PROVIDED RECORDS:
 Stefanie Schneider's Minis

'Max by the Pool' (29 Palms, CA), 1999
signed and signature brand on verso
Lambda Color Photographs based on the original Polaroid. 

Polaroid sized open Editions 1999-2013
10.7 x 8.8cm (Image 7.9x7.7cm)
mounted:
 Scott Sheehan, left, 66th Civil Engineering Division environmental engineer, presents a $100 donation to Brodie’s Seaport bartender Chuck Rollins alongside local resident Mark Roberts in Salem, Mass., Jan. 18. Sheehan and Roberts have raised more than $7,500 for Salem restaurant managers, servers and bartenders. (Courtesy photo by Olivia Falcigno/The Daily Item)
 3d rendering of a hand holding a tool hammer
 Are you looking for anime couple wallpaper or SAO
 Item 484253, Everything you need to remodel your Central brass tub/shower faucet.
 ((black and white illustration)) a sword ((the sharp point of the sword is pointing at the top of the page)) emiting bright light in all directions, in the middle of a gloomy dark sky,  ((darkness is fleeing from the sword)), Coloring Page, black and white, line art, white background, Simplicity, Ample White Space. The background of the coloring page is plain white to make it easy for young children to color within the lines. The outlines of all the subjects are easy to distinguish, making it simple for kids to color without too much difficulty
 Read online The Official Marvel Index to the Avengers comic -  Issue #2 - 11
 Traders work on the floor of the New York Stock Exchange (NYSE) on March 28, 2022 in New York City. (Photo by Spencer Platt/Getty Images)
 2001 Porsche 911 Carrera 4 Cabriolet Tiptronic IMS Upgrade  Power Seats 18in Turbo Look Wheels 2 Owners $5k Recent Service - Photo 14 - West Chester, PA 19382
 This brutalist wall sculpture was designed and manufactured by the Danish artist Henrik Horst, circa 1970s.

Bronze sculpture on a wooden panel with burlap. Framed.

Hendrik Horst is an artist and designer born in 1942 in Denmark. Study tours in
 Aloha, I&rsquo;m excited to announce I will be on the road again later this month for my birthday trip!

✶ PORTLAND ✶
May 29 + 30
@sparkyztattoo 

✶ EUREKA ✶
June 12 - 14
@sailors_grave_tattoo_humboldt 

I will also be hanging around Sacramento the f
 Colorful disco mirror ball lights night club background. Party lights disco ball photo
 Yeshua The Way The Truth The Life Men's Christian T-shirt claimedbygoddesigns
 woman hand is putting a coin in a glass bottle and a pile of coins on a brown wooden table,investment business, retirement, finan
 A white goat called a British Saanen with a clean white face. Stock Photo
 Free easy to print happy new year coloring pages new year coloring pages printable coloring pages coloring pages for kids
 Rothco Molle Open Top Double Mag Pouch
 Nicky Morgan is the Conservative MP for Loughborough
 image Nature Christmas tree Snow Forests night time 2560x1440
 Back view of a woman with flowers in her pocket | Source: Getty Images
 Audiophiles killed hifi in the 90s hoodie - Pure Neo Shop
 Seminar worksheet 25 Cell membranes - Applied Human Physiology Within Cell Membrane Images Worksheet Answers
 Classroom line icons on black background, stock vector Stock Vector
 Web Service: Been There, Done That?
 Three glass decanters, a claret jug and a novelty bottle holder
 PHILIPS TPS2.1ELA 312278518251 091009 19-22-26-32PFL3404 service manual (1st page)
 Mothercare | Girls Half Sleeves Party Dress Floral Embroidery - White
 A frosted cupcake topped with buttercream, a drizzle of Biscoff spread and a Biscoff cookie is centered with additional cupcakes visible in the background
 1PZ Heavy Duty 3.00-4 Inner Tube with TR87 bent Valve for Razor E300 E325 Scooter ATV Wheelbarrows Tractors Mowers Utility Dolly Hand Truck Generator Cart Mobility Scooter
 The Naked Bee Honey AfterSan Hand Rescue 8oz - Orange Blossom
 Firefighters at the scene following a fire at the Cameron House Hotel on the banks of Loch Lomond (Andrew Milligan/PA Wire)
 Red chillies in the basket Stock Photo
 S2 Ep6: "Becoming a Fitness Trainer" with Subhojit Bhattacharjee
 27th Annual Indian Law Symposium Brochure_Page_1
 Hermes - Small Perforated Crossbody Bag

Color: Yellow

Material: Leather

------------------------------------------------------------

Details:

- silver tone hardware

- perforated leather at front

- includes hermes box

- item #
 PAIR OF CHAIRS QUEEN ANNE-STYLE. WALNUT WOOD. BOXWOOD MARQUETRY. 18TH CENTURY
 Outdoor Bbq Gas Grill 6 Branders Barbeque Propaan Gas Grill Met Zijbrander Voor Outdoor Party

WHAT TO PRODUCE:
Quote the data above from the line containing "Audiophiles killed hifi" to the line containing "Firefighters at the", inclusive, and stop.

OUTPUT FOR THIS TASK:
 Audiophiles killed hifi in the 90s hoodie - Pure Neo Shop
 Seminar worksheet 25 Cell membranes - Applied Human Physiology Within Cell Membrane Images Worksheet Answers
 Classroom line icons on black background, stock vector Stock Vector
 Web Service: Been There, Done That?
 Three glass decanters, a claret jug and a novelty bottle holder
 PHILIPS TPS2.1ELA 312278518251 091009 19-22-26-32PFL3404 service manual (1st page)
 Mothercare | Girls Half Sleeves Party Dress Floral Embroidery - White
 A frosted cupcake topped with buttercream, a drizzle of Biscoff spread and a Biscoff cookie is centered with additional cupcakes visible in the background
 1PZ Heavy Duty 3.00-4 Inner Tube with TR87 bent Valve for Razor E300 E325 Scooter ATV Wheelbarrows Tractors Mowers Utility Dolly Hand Truck Generator Cart Mobility Scooter
 The Naked Bee Honey AfterSan Hand Rescue 8oz - Orange Blossom
 Firefighters at the scene following a fire at the Cameron House Hotel on the banks of Loch Lomond (Andrew Milligan/PA Wire)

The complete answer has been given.